Translating this code back in into, JavaScript gives us an implimentation that avoids potentional aliasing issues.

function intersectAllSlices2(config, set) {
    const out = Array.from(set);

    for (let config_set of config.sets) {
        removeNonexistant(out, config_set);
    }

    return out;
}


function removeNonexistant(list, to_keep) {
    let i = 0;
    while (i < list.length) {
        if (to_keep.includes(list[i])) {
            i += 1
        } else {
            list.splice(i, 1);
        }
    }
}

In modern JavaScript it's not an idiomatic implimentation. But it's an improvement on the original version with the aliasing issue.

But there's another advantage to this code that I haven't explictily mentioned: performance. removeNonexistant doesn't allocate intermediate values anymore, meaning we do O(1) allocations instead of O(n). In Zig this is a big deal. The original author's implimentation was doubtless inspired by the functional language approach: it closely matches an accumulator/reduce pattern, and doubtless the intention was that all of these functions would create new values in order to avoid mutating. This type of code is very common in functional languages.
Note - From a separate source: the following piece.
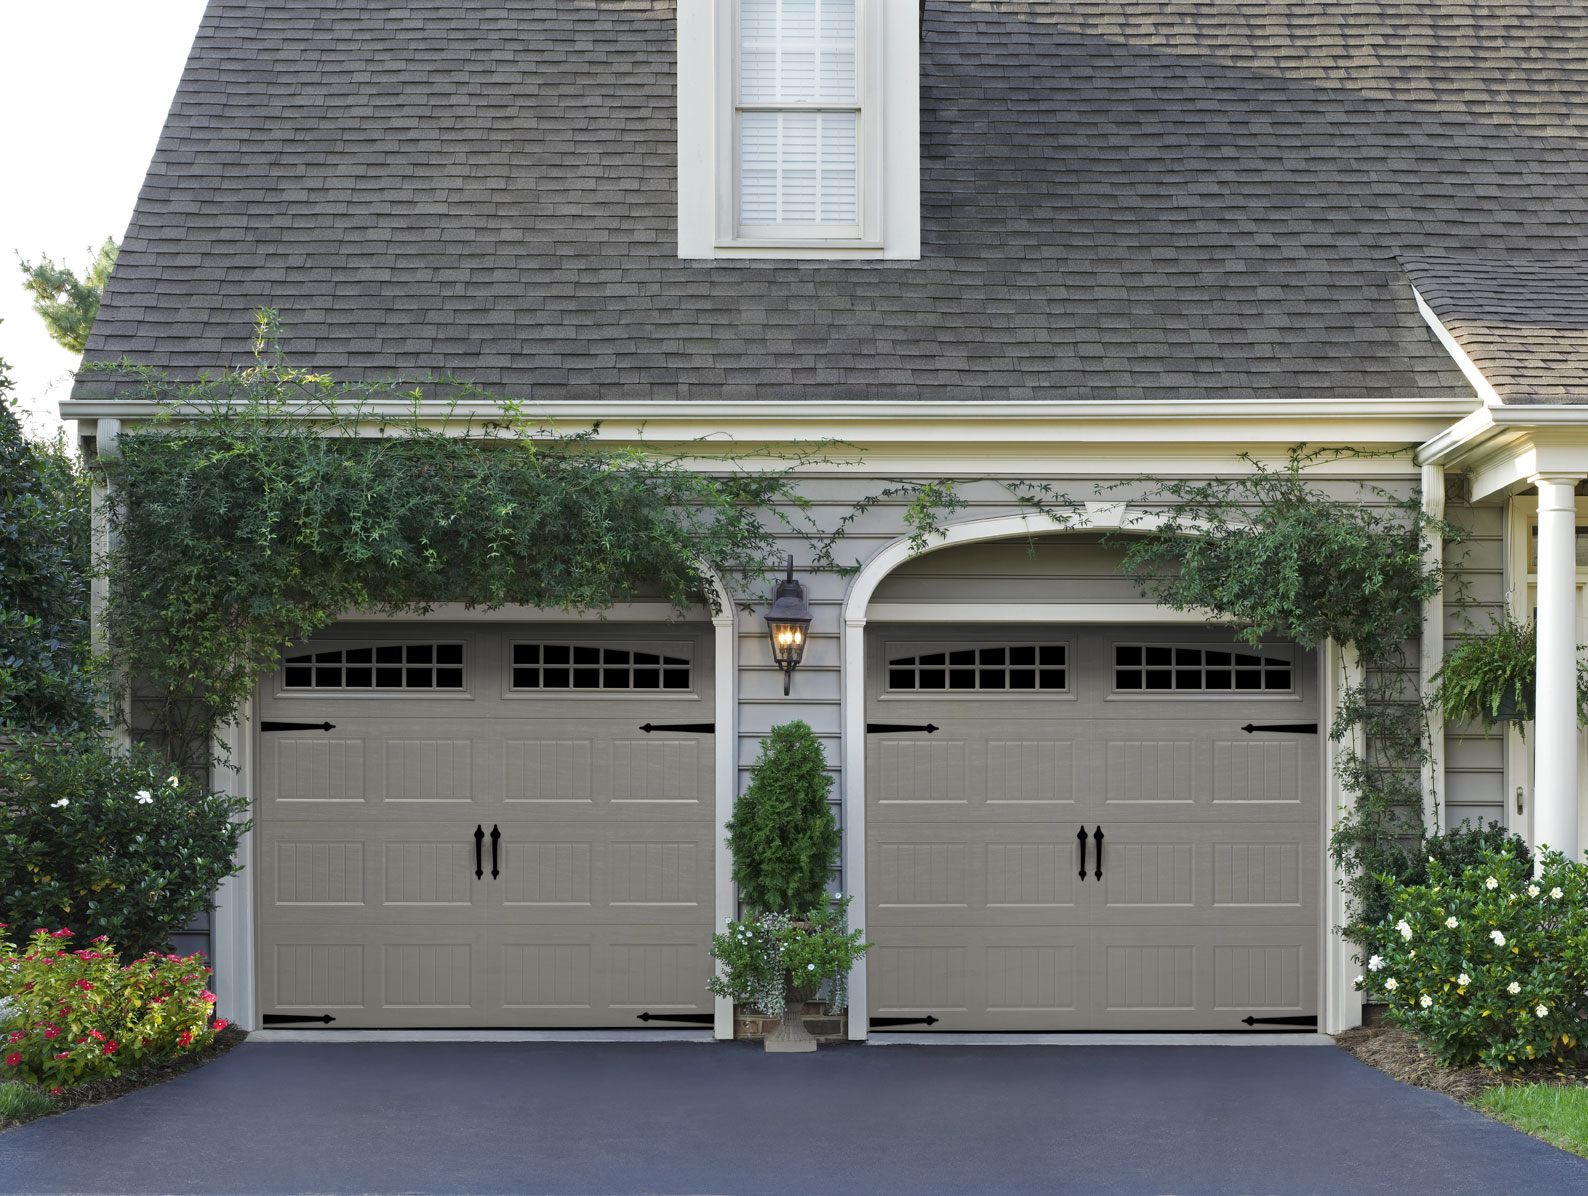 Modern Garage Door Companies Vancouver for Large Space

Most functions implicitly return copies, and in many of these languages arrays are not mutable at all.

Even in JavaScript, the functional-programming-approach is more idiomatic, I would argue. But since JavaScript's arrays are pass-by-reference, and the language doesn't have a type-system-level way to prevent mutations, JavaScript programmers frequently using libraries like Immer for immutability, or Lodash for point-free transformations. But sooner or later the limitations of these libraries are reached, and you need to reason about what code is allowed to mutate and when objects are allowed to be read, and ownership is the best way of doing that.

We quite literally talk about what React component "owns" a particular peice of state. It's really quite a similar problem to manual memory managment in Zig.

Post Script

It's a little bit of a peculiar choice by the original author to use ArrayList as the set datastructure. Zig has a BitSet, backed by a single integer, which is appropraite if you can constrain your values between 0 and say 128. ArrayList could be the right choice if you have a wide range of values but know that you never have more than a dozen or so at a given time. If you have an unbounded number of values, Zig's HashMap can function as a HashSet by simply not using the value field.